- EXERCISE: Could you copy the data that follows exactly as written, but drop the pictures?

- RECORDED DATA:

----------------------------------------

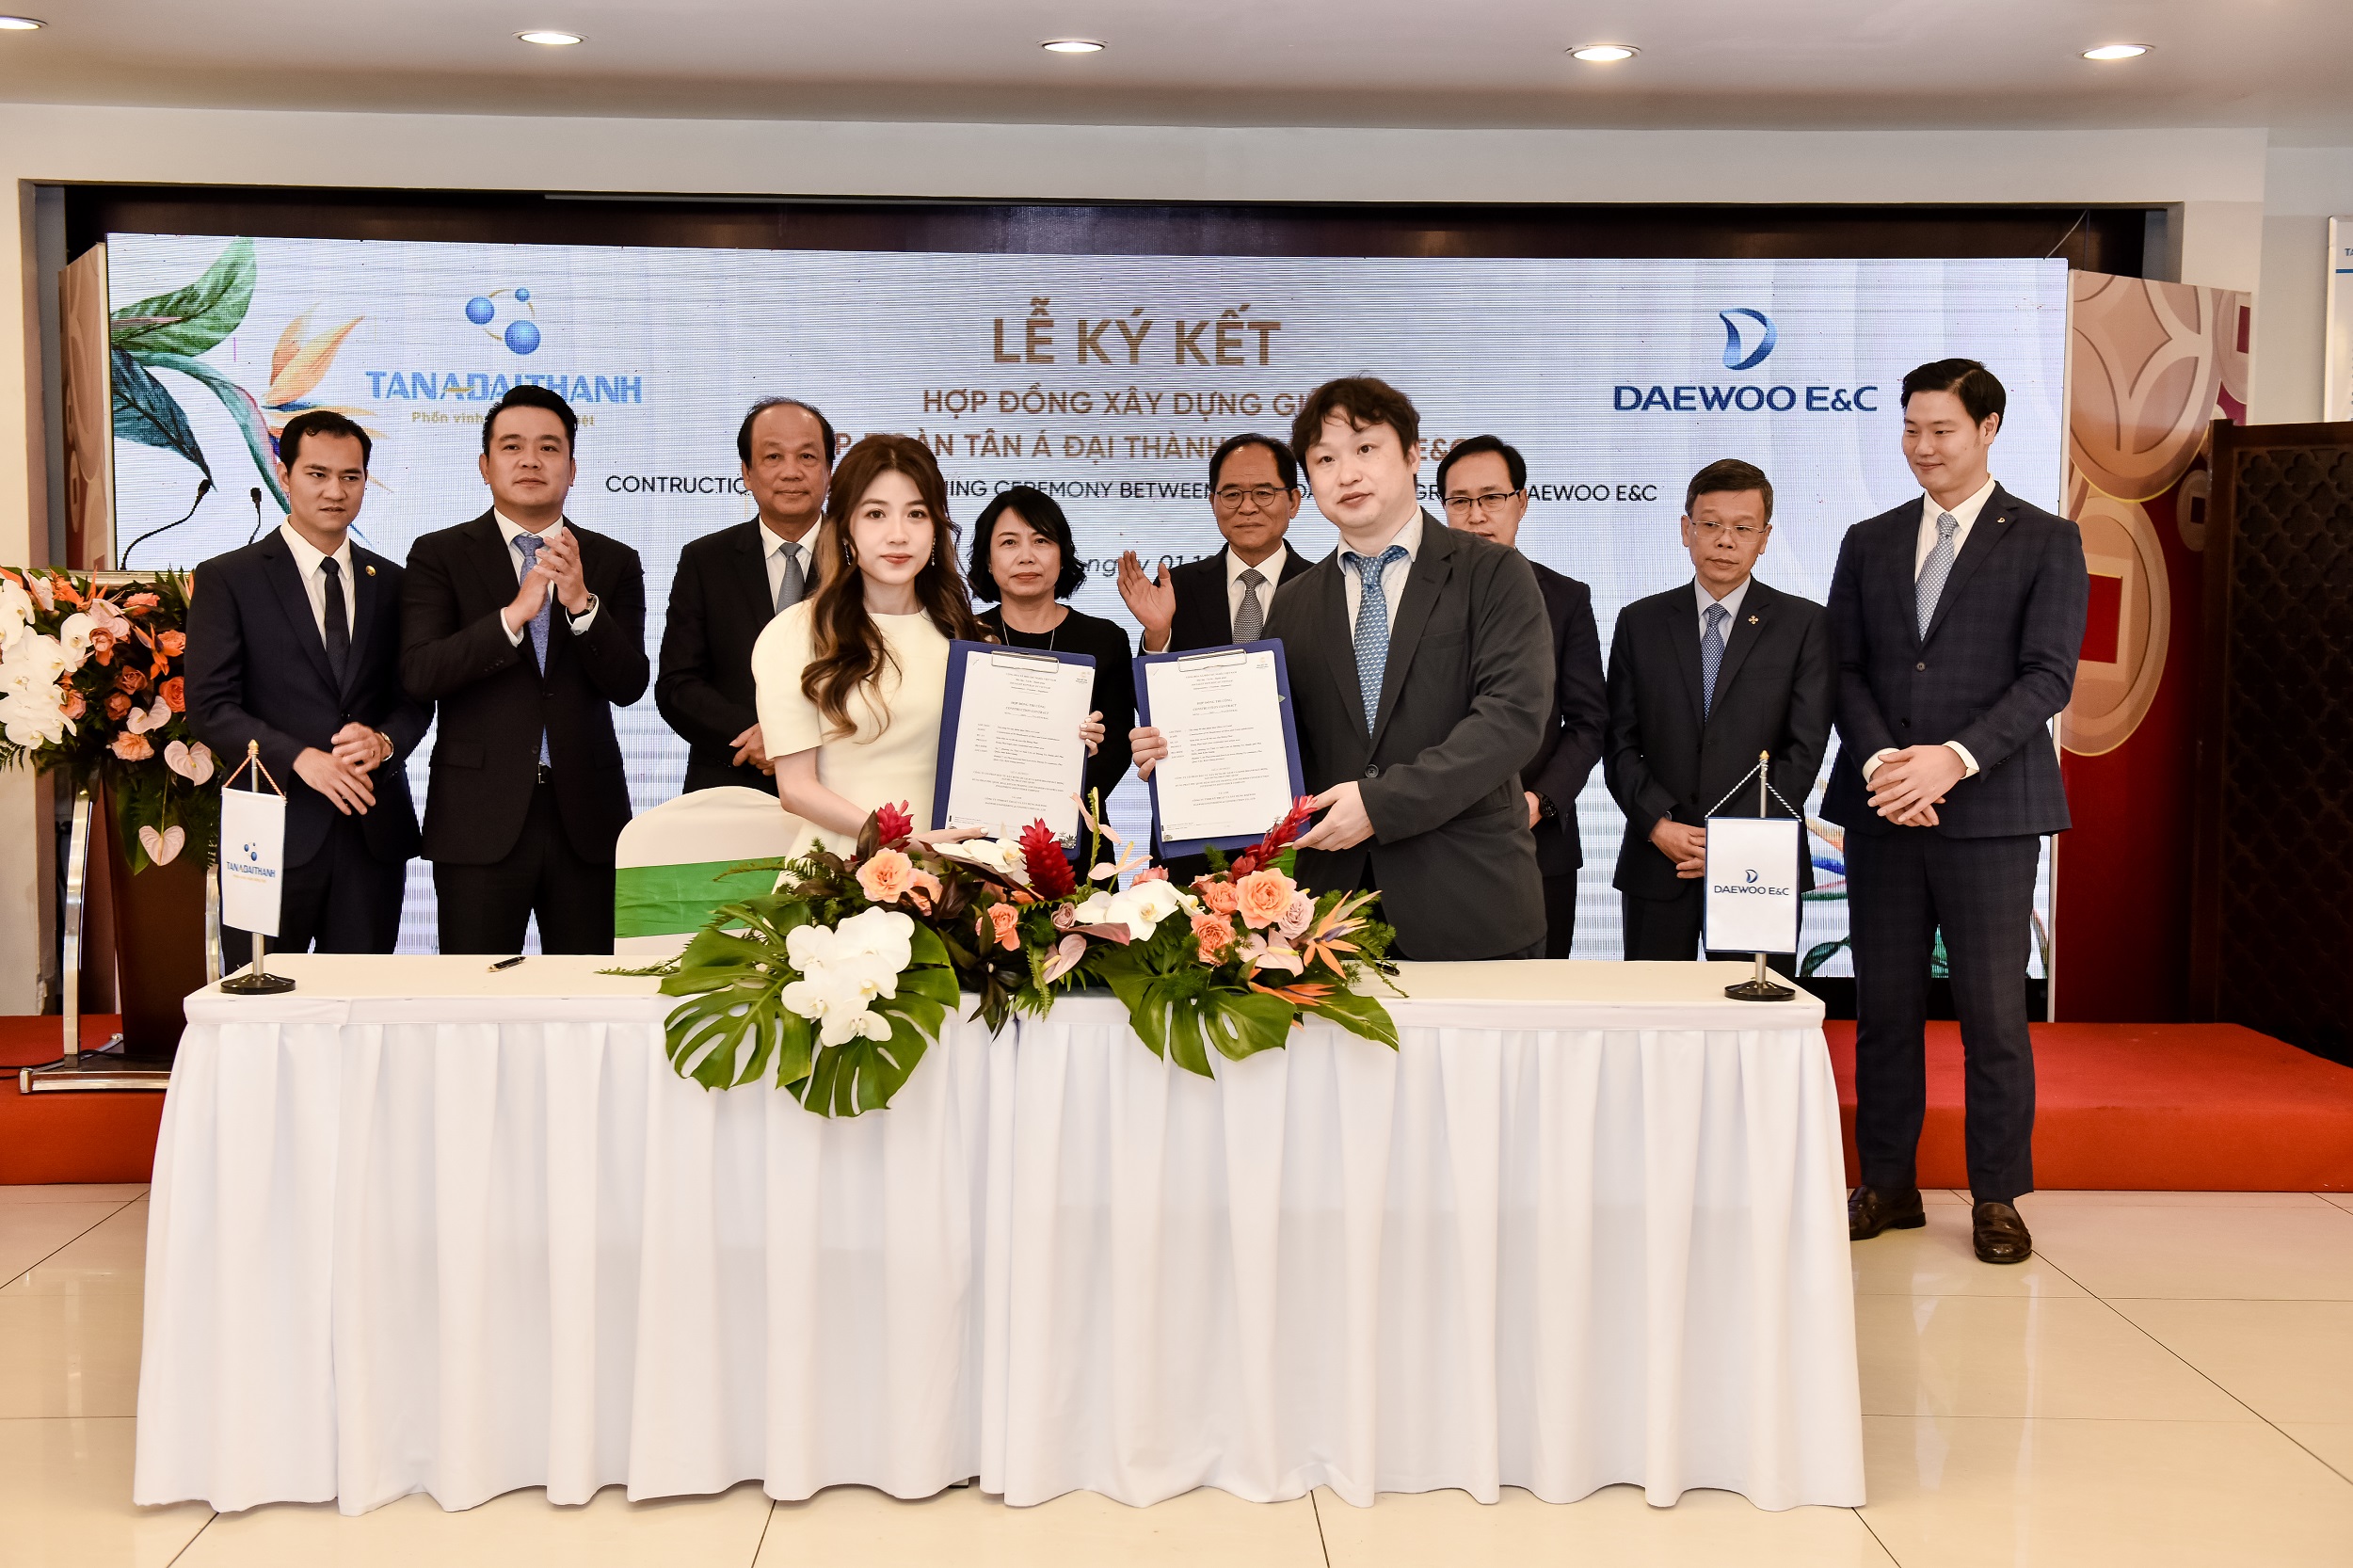 Tân Á Đại Thành hợp tác Daewoo E&C xây dựng phát triển Đại đô thị Meyhomes Capital Phú Quốc
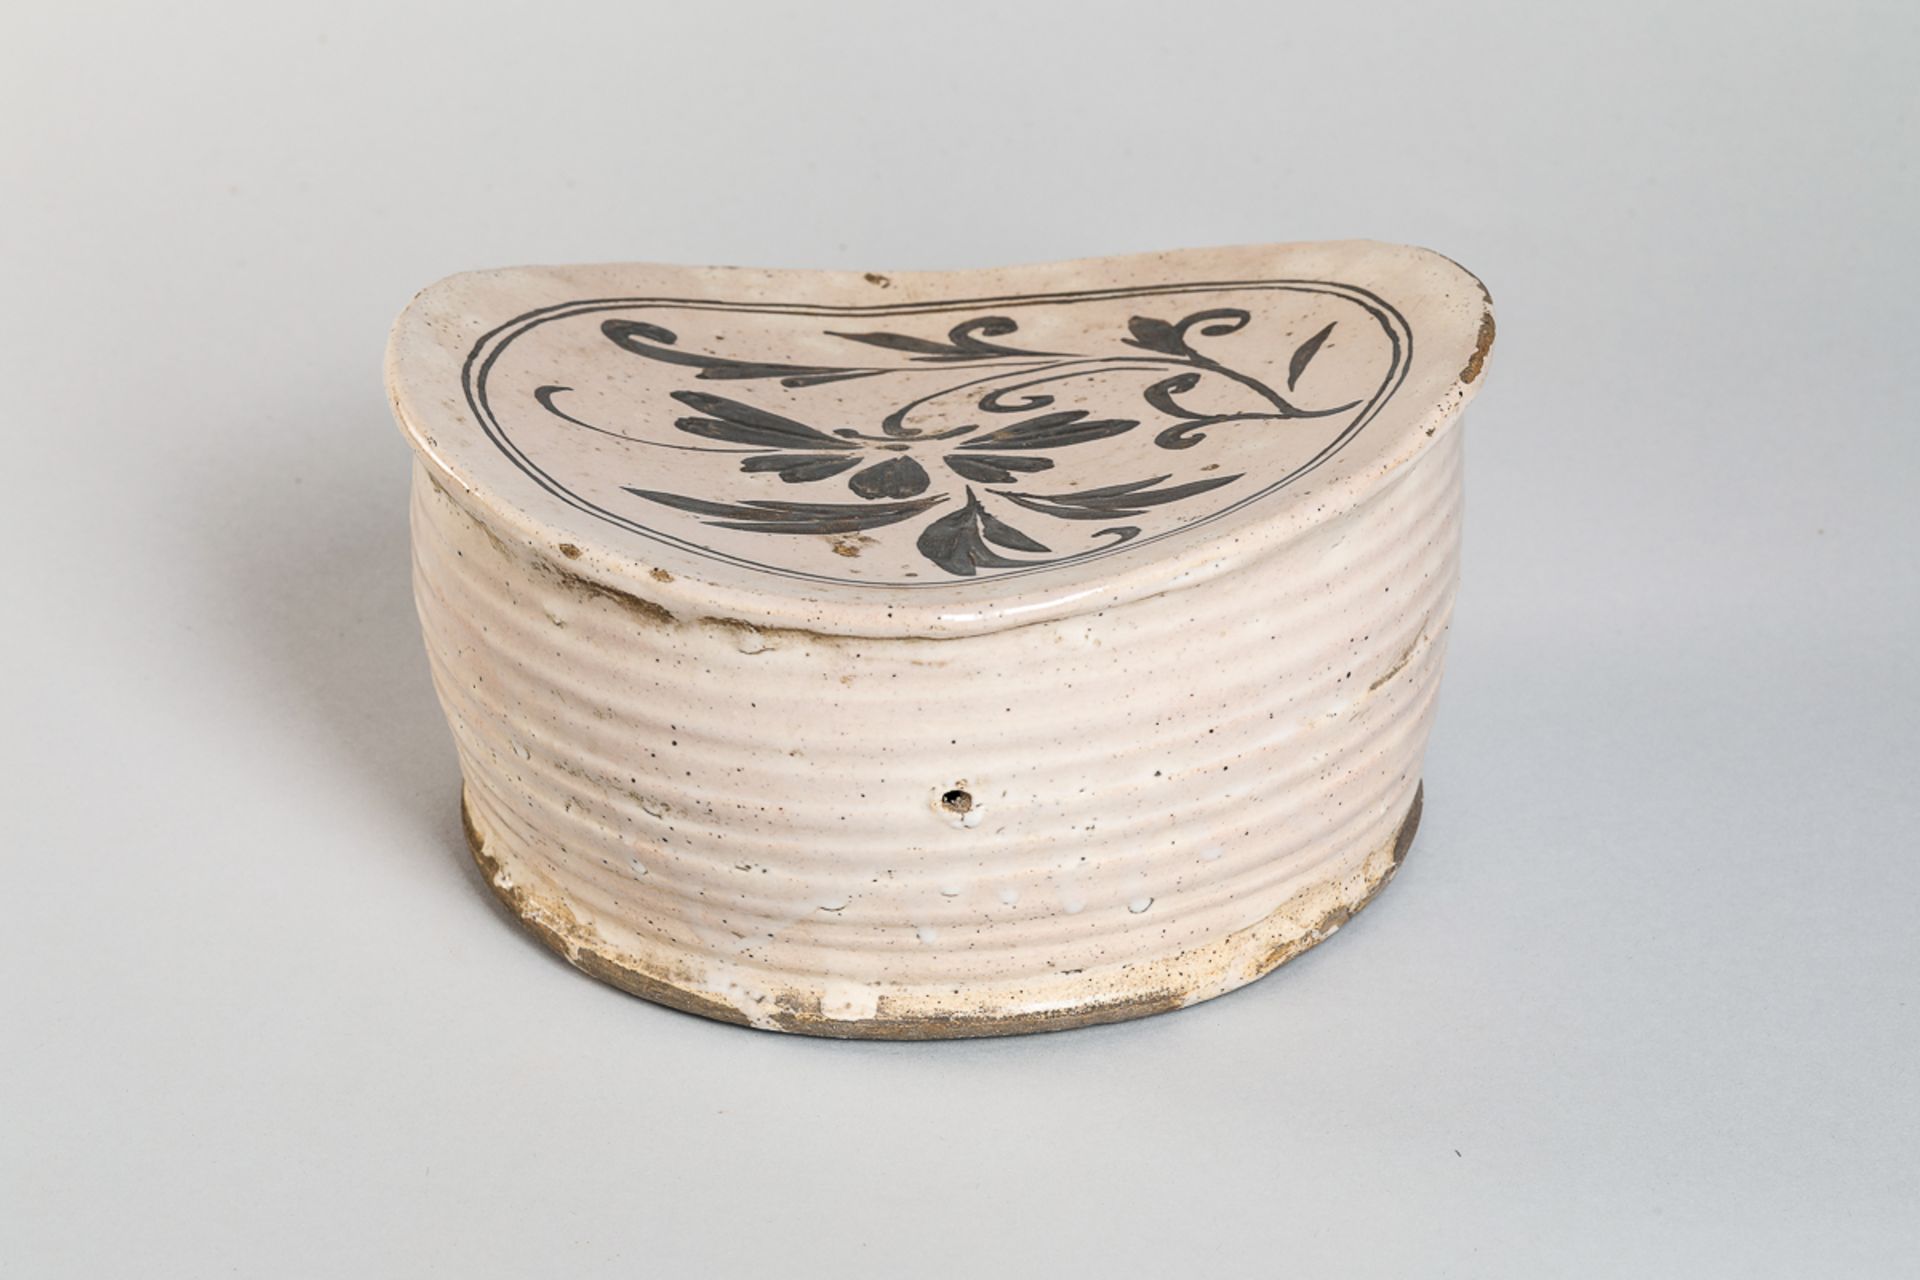 Repose nuque cizhu en céramique à décor floral brun sur glaçure monochrome beige crémeux Chine - Image 5 of 5
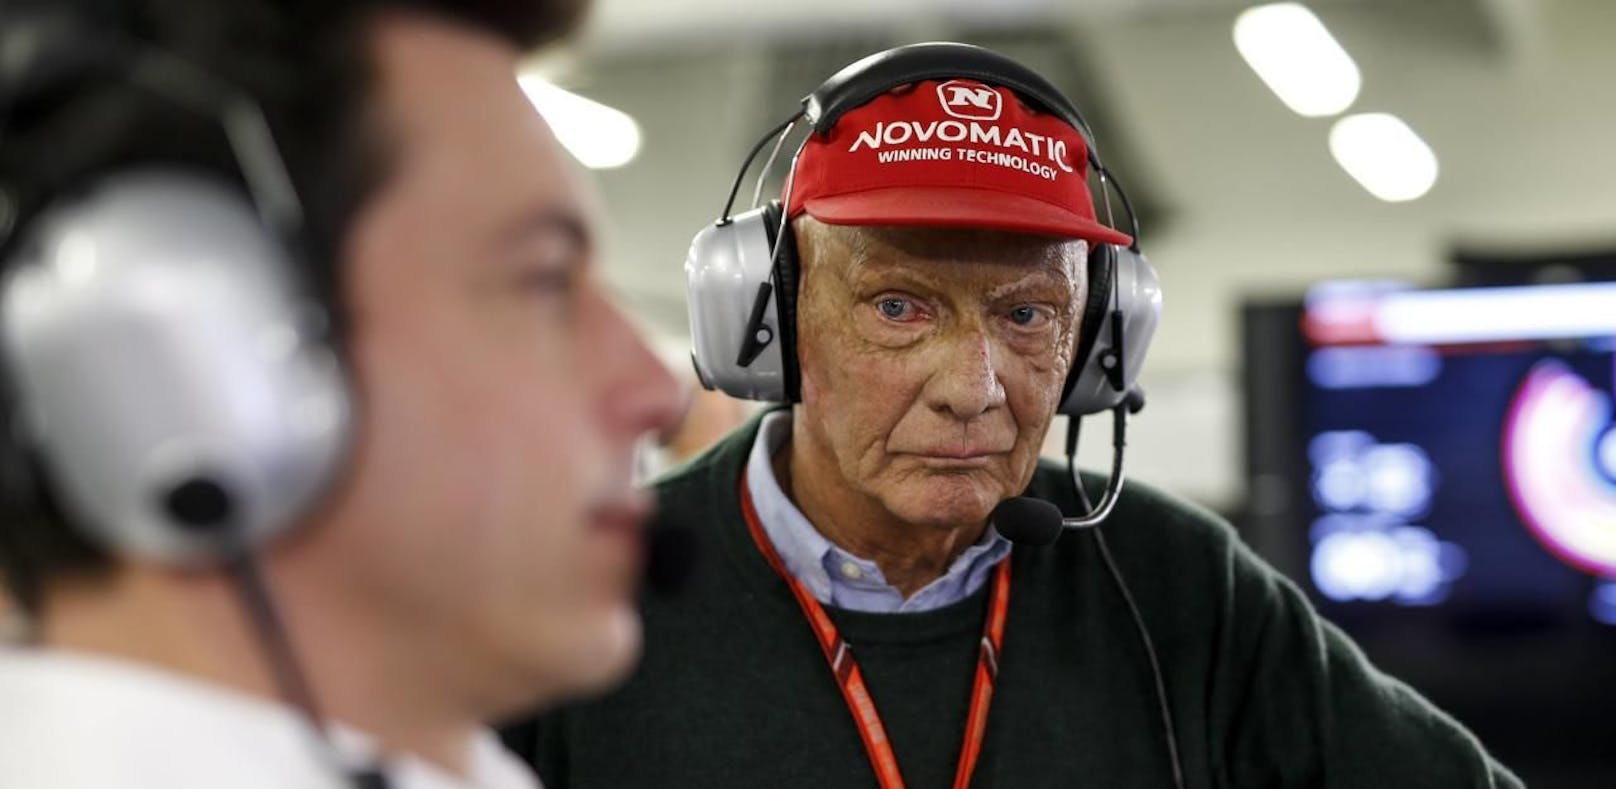 Lauda tobt: "Formel 1 darf nicht manipuliert werden"
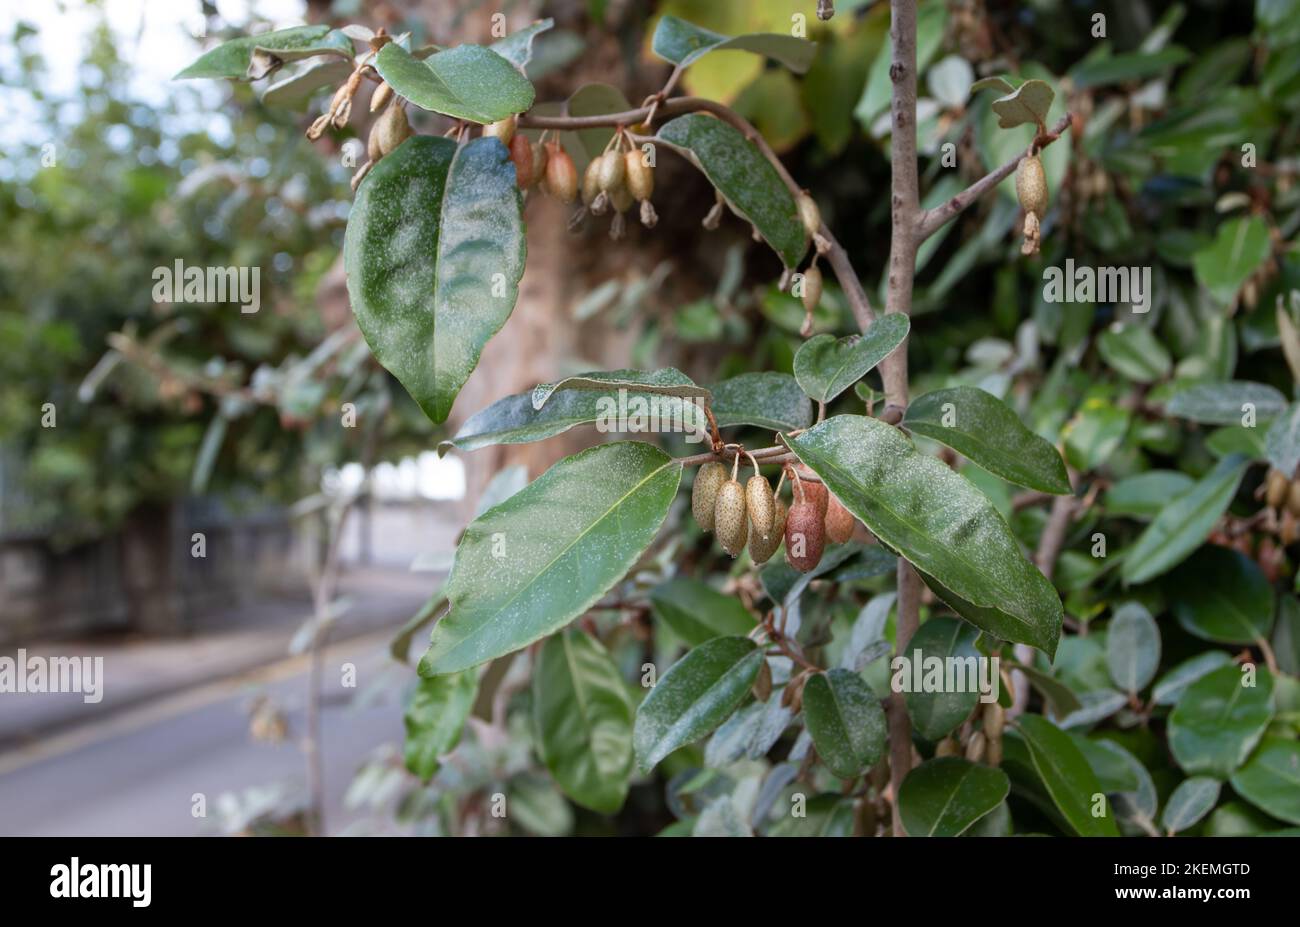 Elaeagnus ebbingei oder Silberbeere oder Oleaster Pflanzen Zweige mit Früchten und silbernen Blättern Stockfoto

----------------------------------------

- RESULT OF THIS TASK:
 Tân Á Đại Thành hợp tác Daewoo E&C xây dựng phát triển Đại đô thị Meyhomes Capital Phú Quốc
 Repose nuque cizhu en céramique à décor floral brun sur glaçure monochrome beige crémeux Chine - Image 5 of 5
 Lauda tobt: "Formel 1 darf nicht manipuliert werden"
 Elaeagnus ebbingei oder Silberbeere oder Oleaster Pflanzen Zweige mit Früchten und silbernen Blättern Stockfoto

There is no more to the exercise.